Amiante : la faute inexcusable d’Aéroports de Paris reconnue par la justice :

(source Isabelle d’ADP)

Amiante : la faute inexcusable d’Aéroports de Paris reconnue par la justice :

La « faute inexcusable » d’Aéroports de Paris (ADP) a été reconnue mardi par le tribunal des affaires de sécurité sociale (TASS) de Créteil, saisi par un ancien salarié d’ADP atteint d’asbestose, une maladie liée à l’exposition à l’amiante, selon l’avocate du plaignant.

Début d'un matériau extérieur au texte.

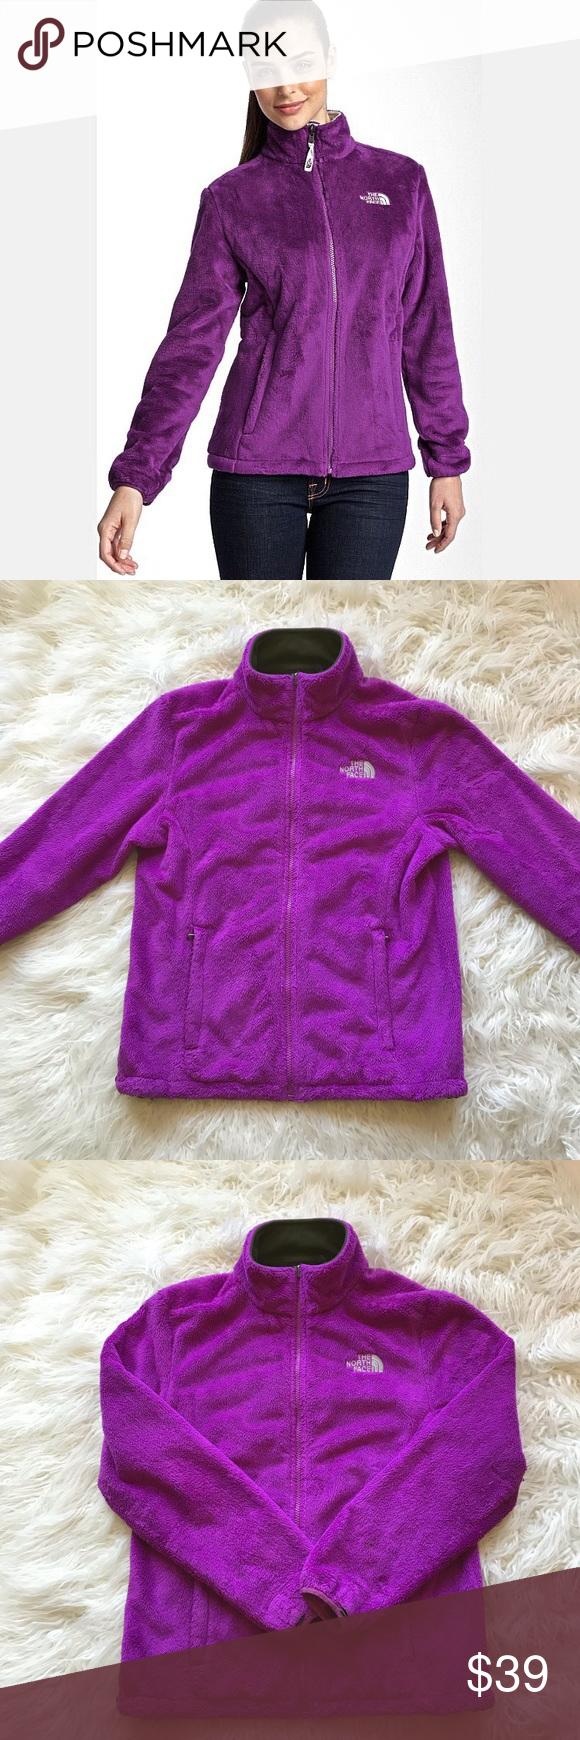 The North Face Purple Osito Fleece Jacket Fleece Jacket North Face Jacket Clothes Design [ 1740 x 580 Pixel ]
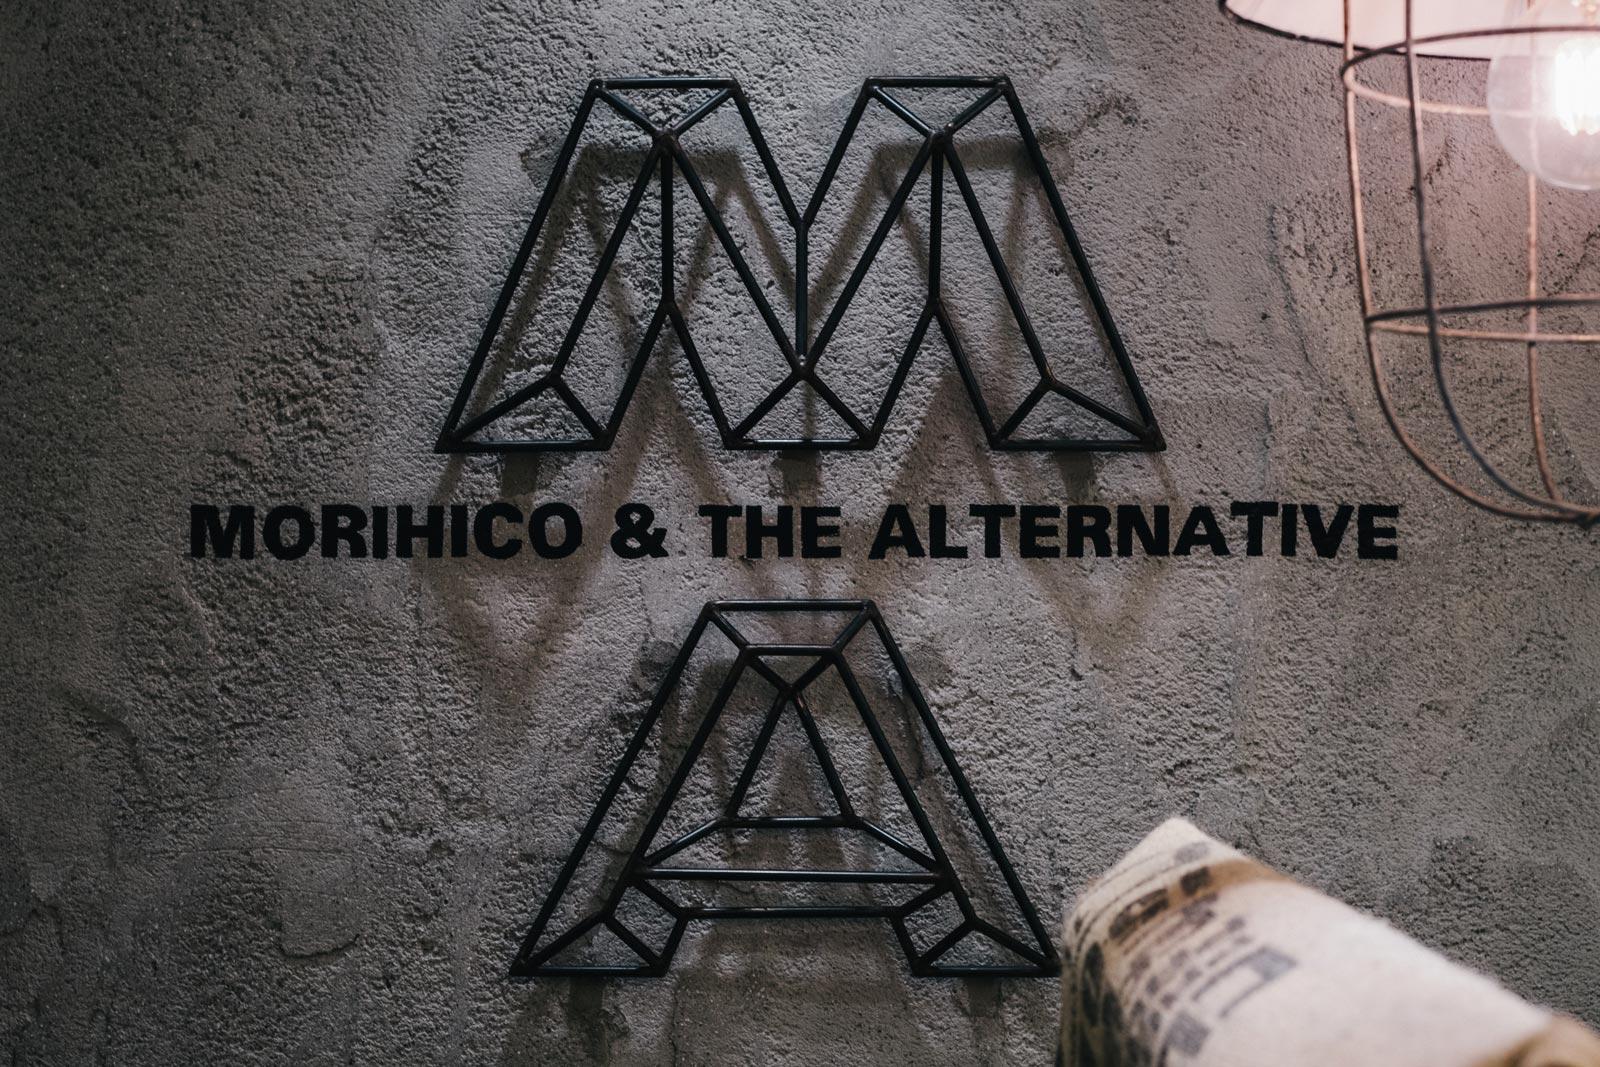 MORIHICO THE ALTERNATIVE

Le tribunal a « reconnu la faute inexcusable » d’ADP, indique Me Elisabeth Leroux, en se félicitant d’une décision ayant « pour conséquence la majoration automatique » de la rente versée à Jacques Villette, 66 ans, par la Caisse primaire d’assurance maladie.

Cette première décision condamnant ADP permet aussi de fixer une jurisprudence pour d’autres dossiers à venir, souligne Me Leroux, du cabinet Teissonnière Topaloff Lafforgue.

« C’est une bonne nouvelle pour moi et pour mes anciens collègues. C’est la preuve qu’il y a de l’amiante à Orly et ce que je souhaite maintenant, c’est que ça oblige ADP à informer le personnel », déclare pour sa part M. Villette, qui s’est vu reconnaître un taux d’incapacité partielle de 20% par l’assurance maladie.

Le TASS, qui avait examiné le dossier le 31 octobre, a par ailleurs ordonné une expertise judiciaire pour déterminer le préjudice de M. Villette et donc les indemnisations qui lui seront versées, indique Me Leroux.

Le résultat de l’expertise devrait être connu dans trois mois.

Premier salarié d’ADP à vouloir faire reconnaître la faute inexcusable de son employeur, M. Villette a travaillé comme électricien chargé de la maintenance puis comme chef de quart au poste de contrôle technique de l’aérogare sud d’Orly de 1959 à 1998.

Il est tombé malade en 2002 et une asbestose, maladie incurable des poumons due à l’amiante, a été diagnostiquée en 2003.

A l’audience, Me Leroux a fait valoir que son client avait « inhalé quotidiennement des poussières d’amiante » dans le cadre de son activité professionnelle.

« Il devait ramper dans les faux plafonds », où de l’amiante était présente, pour des interventions électriques et « il devait parfois casser des parois coupe-feu recouvertes de cette matière », a-t-elle expliqué et cela « sans aucun moyen de protection ».